Re: [Qemu-ppc] [RFC PATCH qemu] spapr_pci: Create PCI-express root bus by default

David Gibson <david@xxxxxxxxxxxxxxxxxxxxx> · Wed, 7 Dec 2016 15:11:21 +1100

On Tue, Dec 06, 2016 at 06:30:47PM +0100, Andrea Bolognani wrote:
> On Fri, 2016-12-02 at 15:18 +1100, David Gibson wrote:
> > > So, would the PCIe Root Bus in a pseries guest behave
> > > differently than the one in a q35 or mach-virt guest?
> > 
> > Yes.  I had a long discussion with BenH and got a somewhat better idea
> > about this.
> 
> Sorry, but I'm afraid you're going to have to break this
> down even further for me :(
> 
> > If only a single host PE (== iommu group) is passed through and there
> > are no emulated devices, the difference isn't too bad: basically on
> > pseries you'll see the subtree that would be below the root complex on
> > q35.
> > 
> > But if you pass through multiple groups, things get weird.
> 
> Is the difference between q35 and pseries guests with
> respect to PCIe only relevant when it comes to assigned
> devices, or in general? I'm asking this because you seem to
> focus entirely on assigned devices.

Well, in a sense that's up to us.  The only existing model we have is
PowerVM, and PowerVM only does device passthrough, no emulated
devices.  PAPR doesn't really distinguish one way or the other, but
it's written from the perspective of assuming that all PCI devices
correspond to physical devices on the host

> > On q35,
> > you'd generally expect physically separate (different slot) devices to
> > appear under separate root complexes.
> 
> This part I don't get at all, so please bear with me.
> 
> The way I read it you're claiming that eg. a SCSI controller
> and a network adapter, being physically separate and assigned
> to separate PCI slots, should have a dedicated PCIe Root
> Complex each on a q35 guest.

Right, my understanding was that if the devices were slotted, rather
than integrated, each one would sit under a separate root complex, the
root complex being a pseudo PCI to PCI bridge.
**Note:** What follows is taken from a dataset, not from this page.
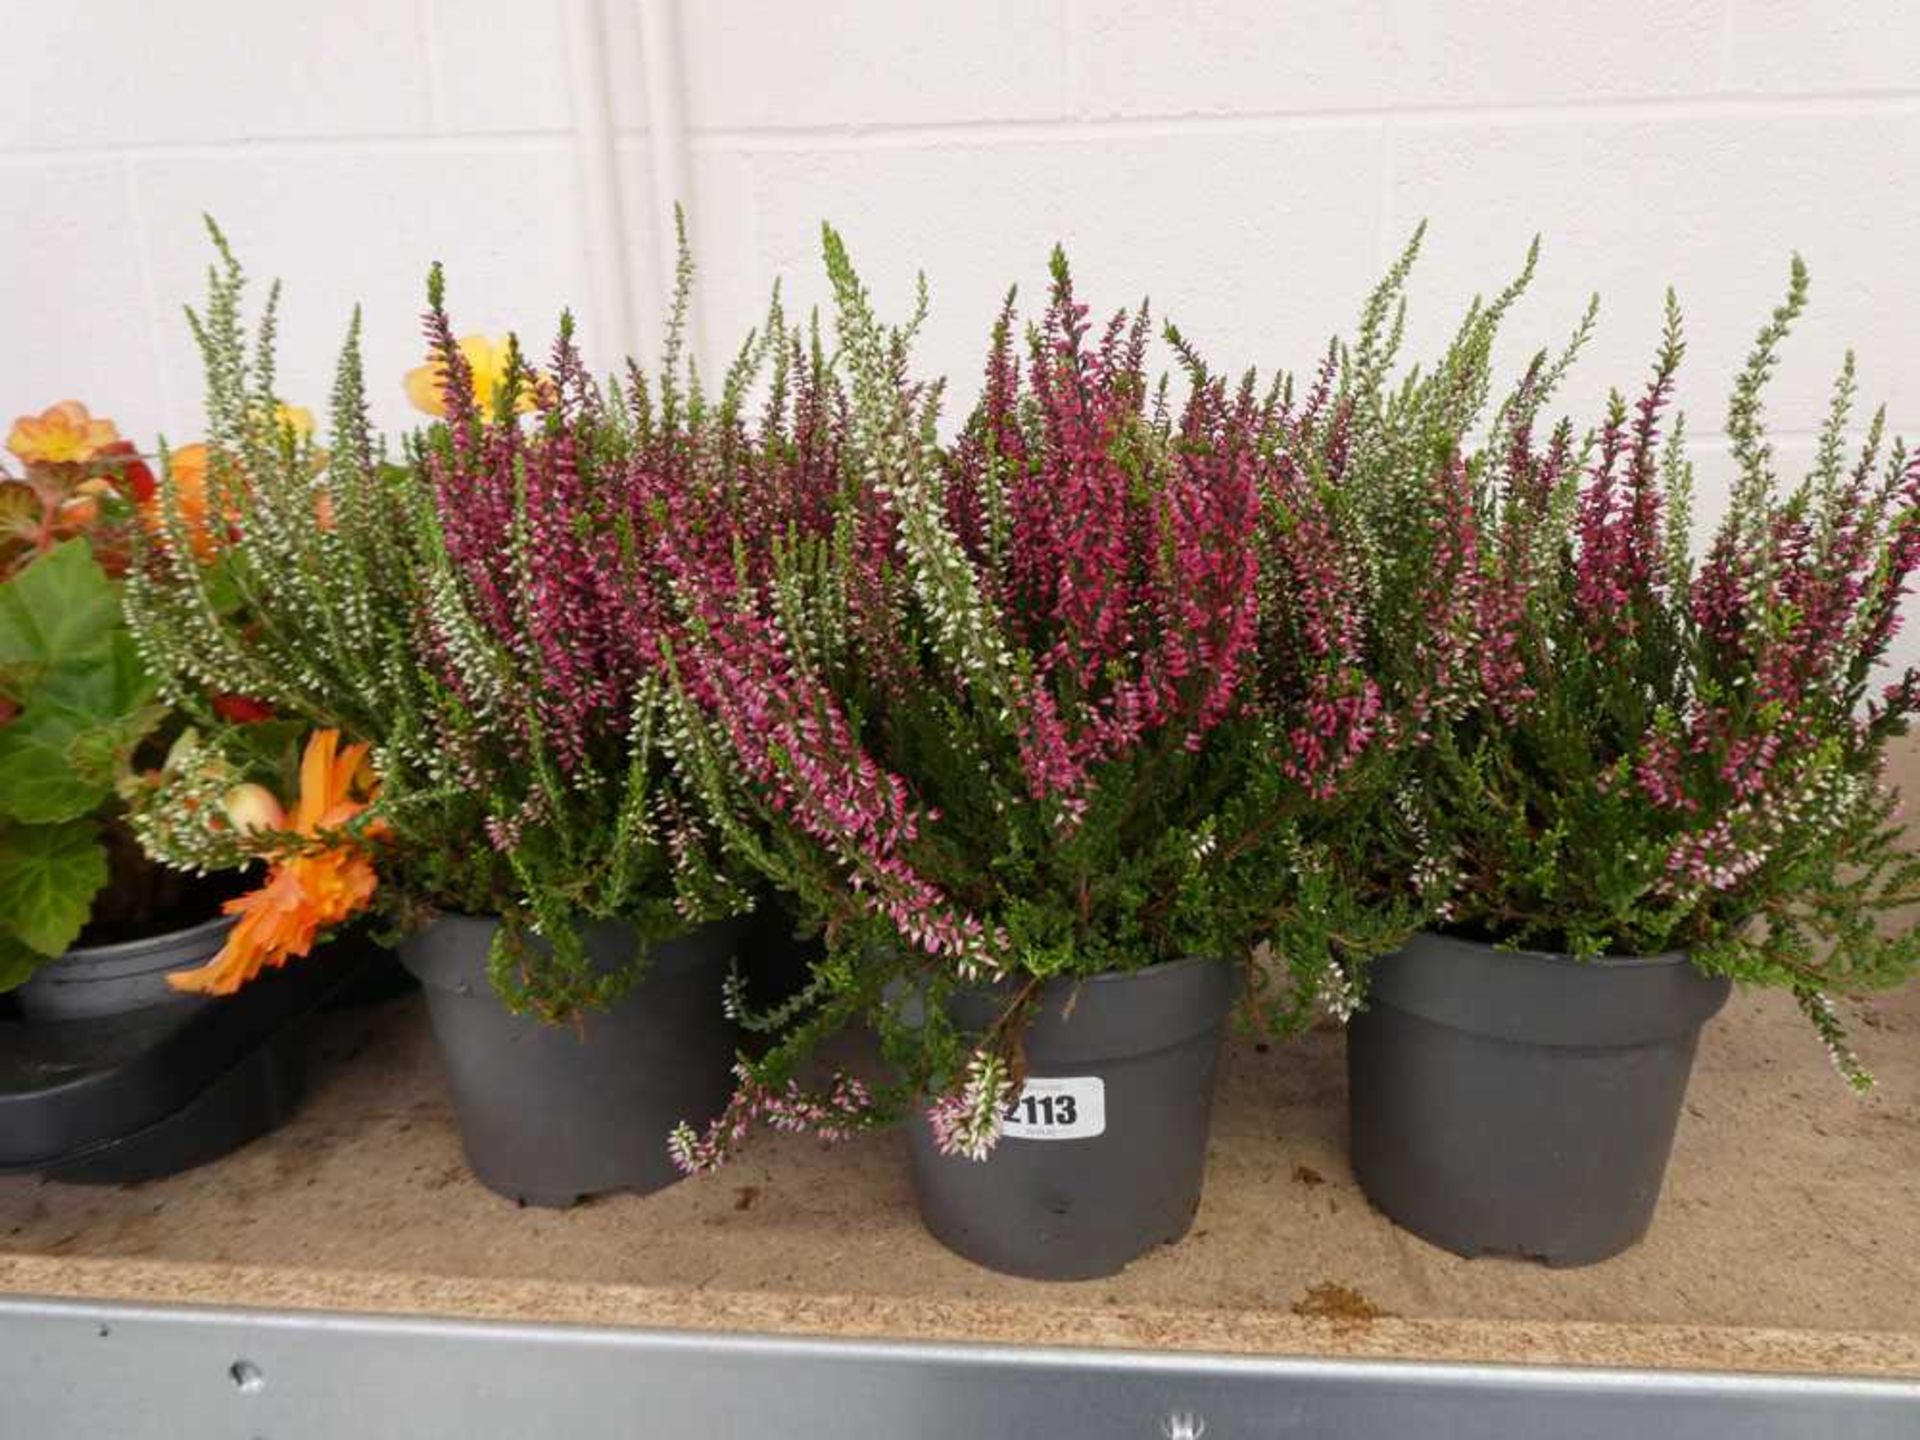 5 pots of purple and white heather

> That doesn't match with my experience, where you would simply
> assign them to separate slots of the default PCIe Root Bus
> (pcie.0), eg. 00:01.0 and 00:02.0.

The qemu default, or the libvirt default?  I think this represents
treating the devices as though they were integrated devices in the
host bridge.  I believe on q35 they would not be hotpluggable - but on
pseries they would be (because we don't use the standard hot plug
controller).

> Maybe you're referring to the fact that you might want to
> create multiple PCIe Root Complexes in order to assign the
> host devices to separate guest NUMA nodes? How is creating
> multiple PCIe Root Complexes on q35 using pxb-pcie different
> than creating multiple PHBs using spapr-pci-host-bridge on
> pseries?

Uh.. AIUI the root complex is the PCI to PCI bridge under which PCI-E
slots appear.  PXB is something different - essentially different host
bridges as you say (though with some weird hacks to access config
space, which make it dependent on the primary bus in a way which spapr
PHBs are not).

I'll admit I'm pretty confused myself about the exact distinction
between root complex, root port and upstream and downstream ports.

> > Whereas on pseries they'll
> > appear as siblings on a virtual bus (which makes no physical sense for
> > point-to-point PCI-E).
> 
> What is the virtual bus in question? Why would it matter
> that they're siblings?

On pseries it won't.  But my understanding is that libvirt won't
create them that way on q35 - instead it will insert the RCs / P2P
bridges to allow them to be hotplugged.  Inserting that bridge may
confuse pseries guests which aren't expecting it.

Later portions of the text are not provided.